Bauen

 

Ausbau von Schulen und Kindertagesstätten


Mehr Tempo beim Schul- und Kitaausbau: Bremen benötigt 2018 allein sechs Grundschulgebäude, damit die steigenden Schülerzahlen aufgefangen werden können. Die Planung von Bau und Sanierungen öffentlicher Gebäude liegt bei Immobilien Bremen (IB).
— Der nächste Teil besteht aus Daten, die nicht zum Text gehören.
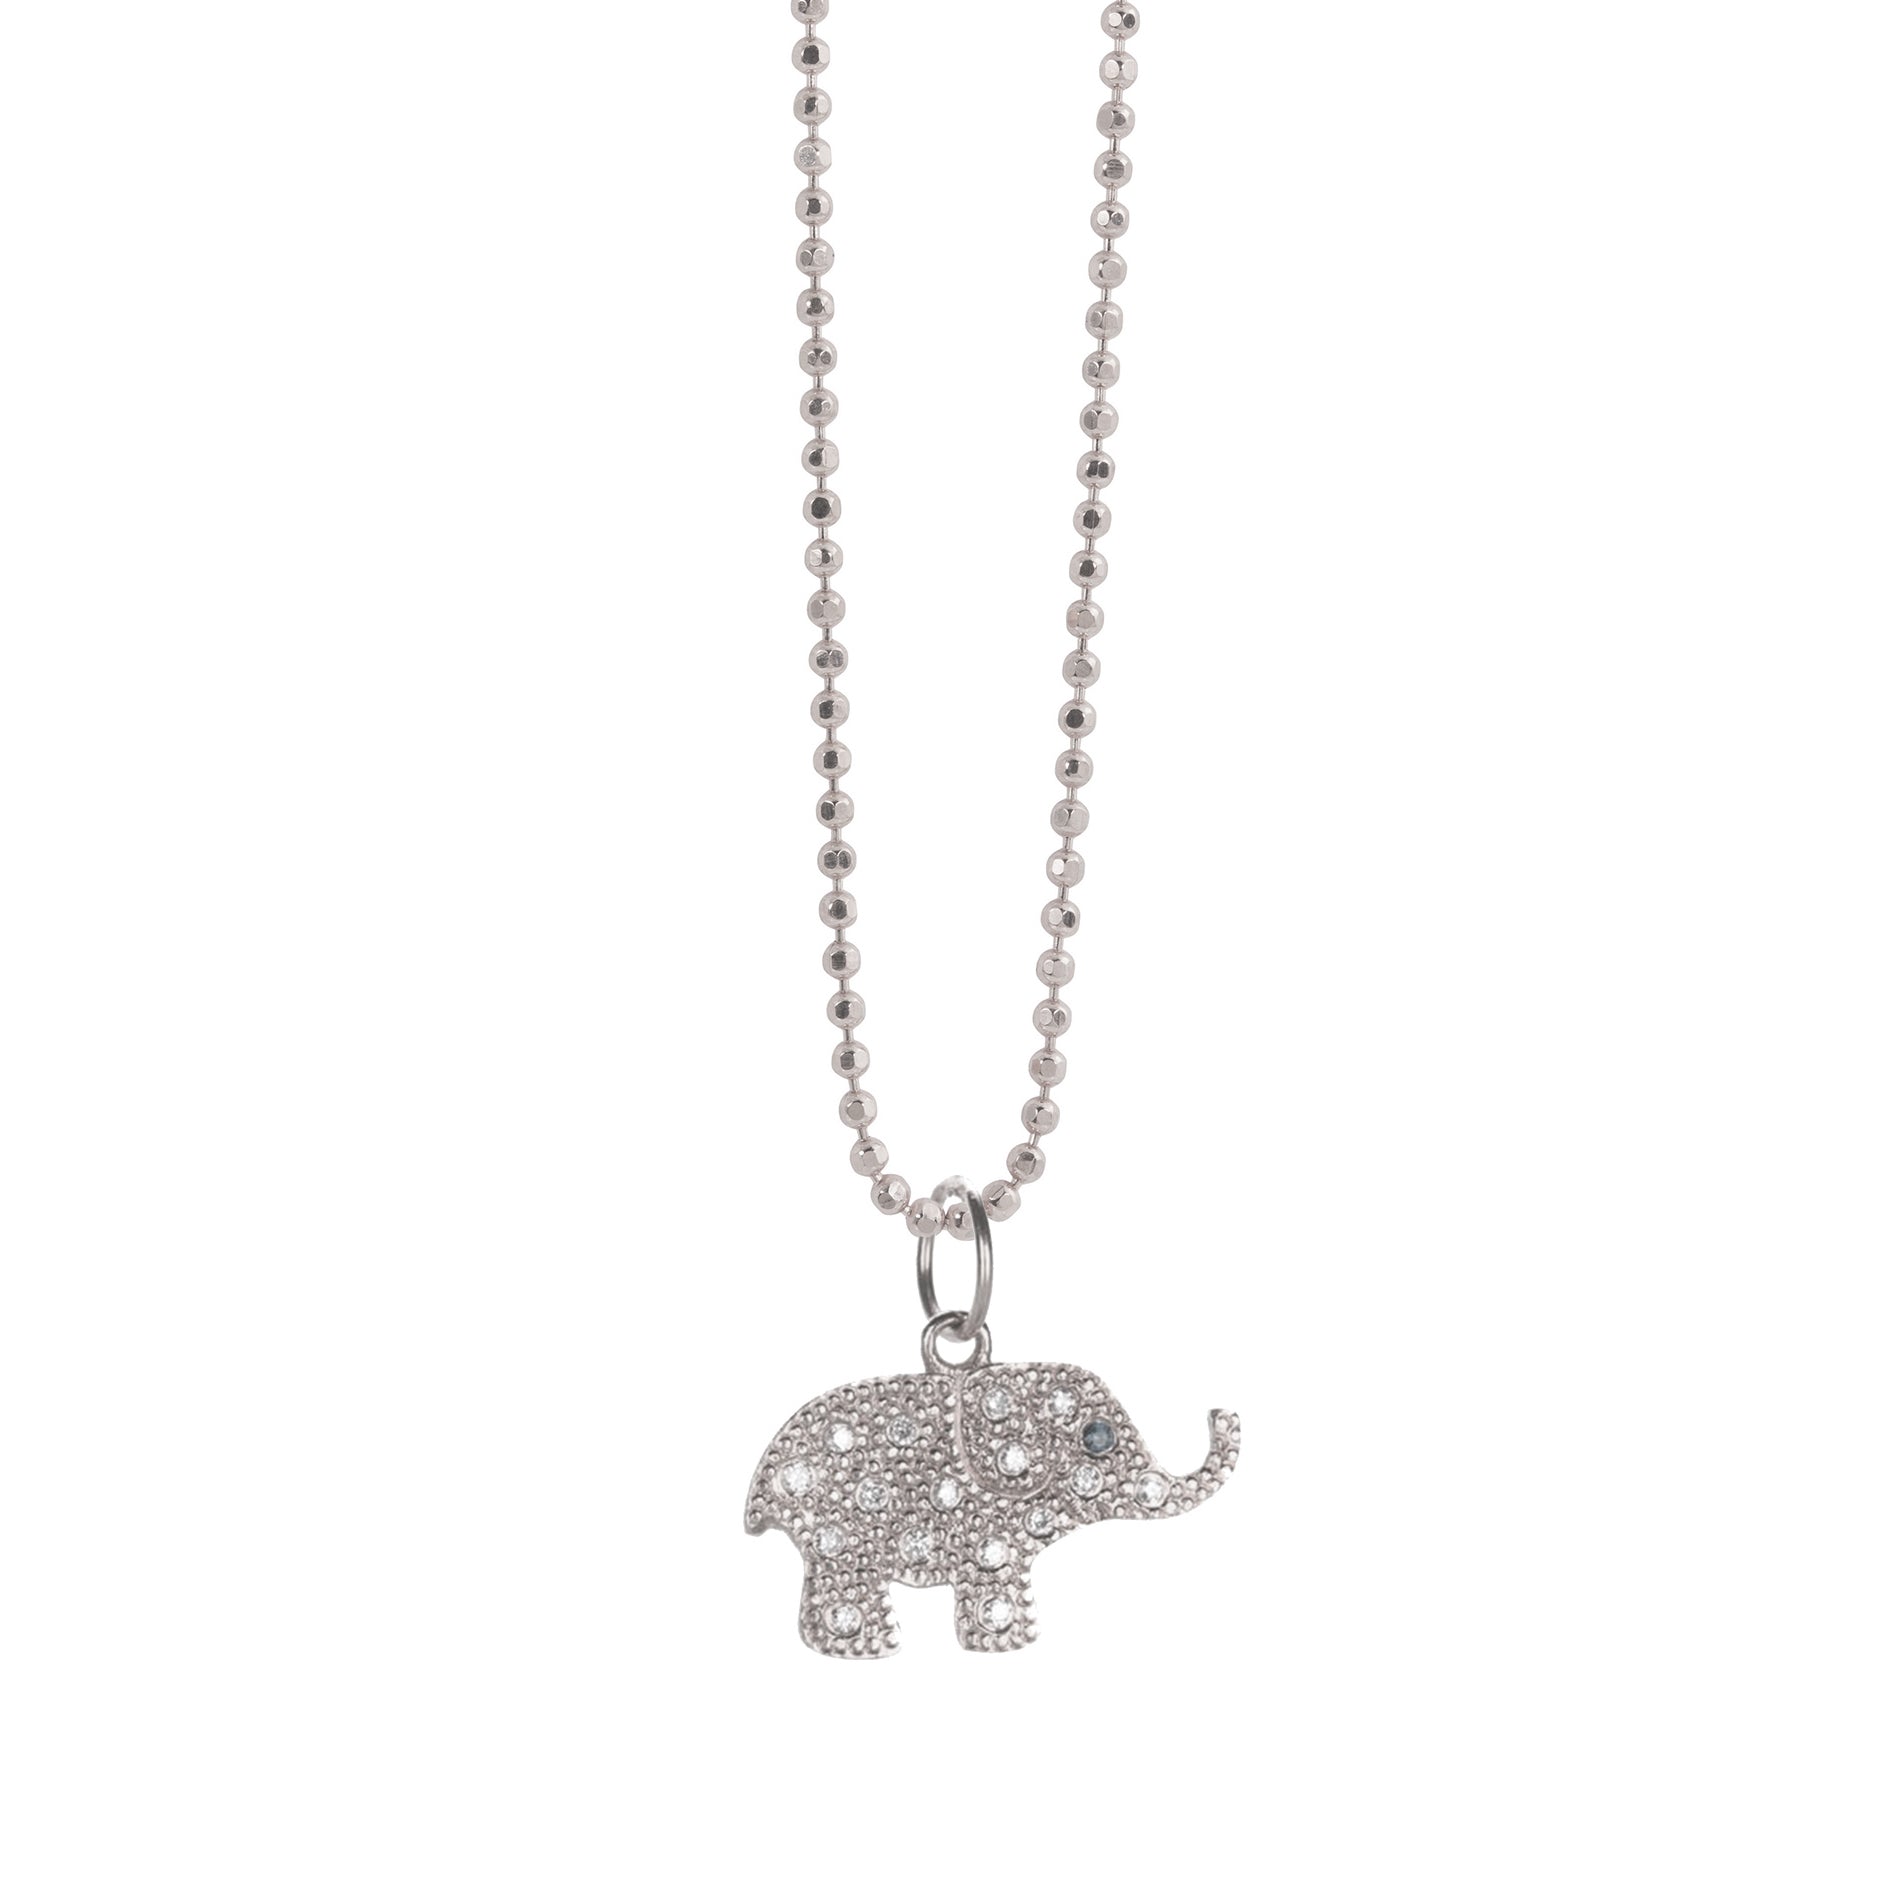 14k white gold baby ELLI elephant charm with scattered diamonds and sapphire eye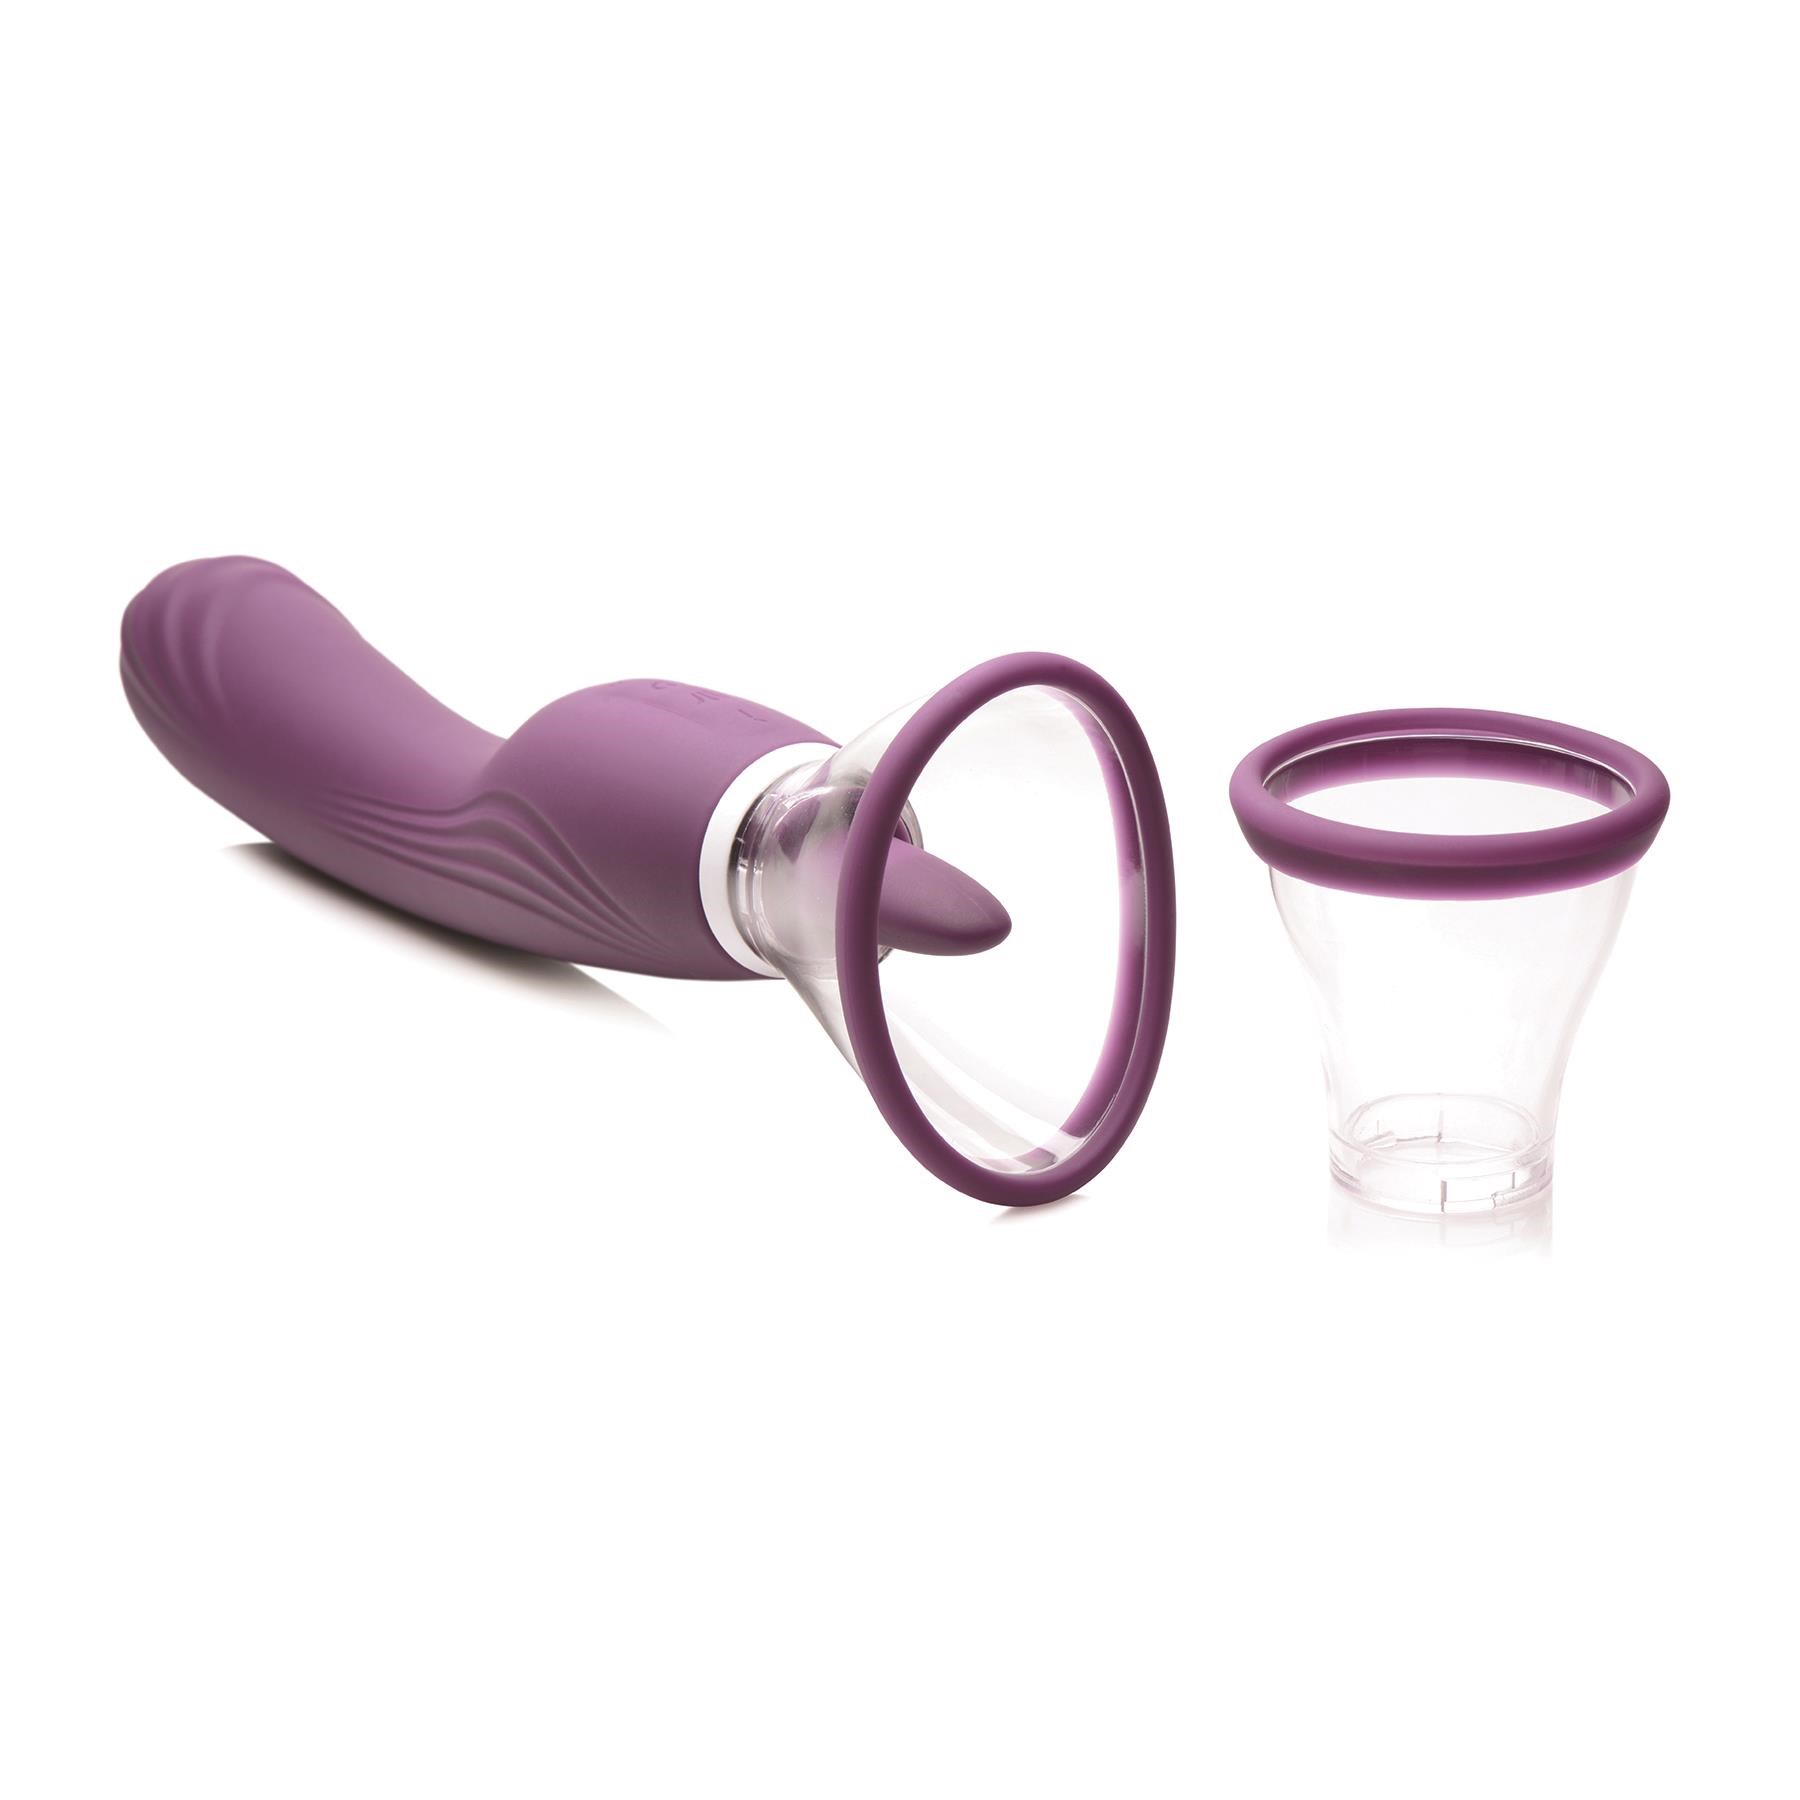 Shegasm Lickgasm Vibrating Pussy Pump with Product and Cups #1

Immobilien Bremen ist eine Anstalt des öffetlichen Rechts und wurde gegründet um den Immobilienbestand der öffentlichen Hand nach kaufmännischen Gesichtspunkten zu verwalten und zu erhalten.
Trotz berechtigter Kritik in Einzelfällen, hat die Anstalt im Grundsatz diese gesetzten Aufgaben innerhalb des politisch bestimmten Rahmens erfüllt.

Im Bereich Schulen und Kindertageseinrichtungen gibt es einen umfangreichen Erweiterungs- und Neubaubedarf, der sich aus veränderten prognostizierten Kinderzahlen, einem gesellschaftlichen Wandel zur vermehrten Nachfrage von Kinderbetreuungsplätzen auch im Krippenalter und dem bildungspolitischen Ziel der schulischen Ganztagsbetreuung ableitet.

Hierfür ist zeitnah zu klären, wie die Bauplanung und -ausführung so zeitlich und wirtschaftlich effizient gestaltet werden kann, dass das umfangreiche Neubauprogramm schnell, wirtschaftlich und bedarfsdeckend abgearbeitet werden kann.

Insoweit ist ein Paradigmenwechsel erforderlich; weg von der Veräußerung und Reduzierung hinzu einem bedarfsbezogenen Erwerb und Erstellung des öffentlichen Immobilienbestandes bzw. der Vorhaltung von Flächen. Ein mögliches Instrument hierfür liegt in der planmäßigen Ausübung von Vorkaufrechten nach den §§ 24, 25 Baugesetzbuch. Hierfür ist eine planmäßige Verzahnung von Stadtplanung (inklusive der Planung von Daseinsvorsorge und sozialer Infrastrukturen), öffentlicher Grundstückverwaltung und Finanzierungsinstrumenten aufzubauen.

Schließlich soll der Senat ein Konzept erarbeiten, wie die Verwaltung von öffentlichen Gründstücken sowie die Nutzung von Vorkaufsrechten effizienter gestaltet werden kann. Letztere soll besser in die Stadtplanung integriert werden.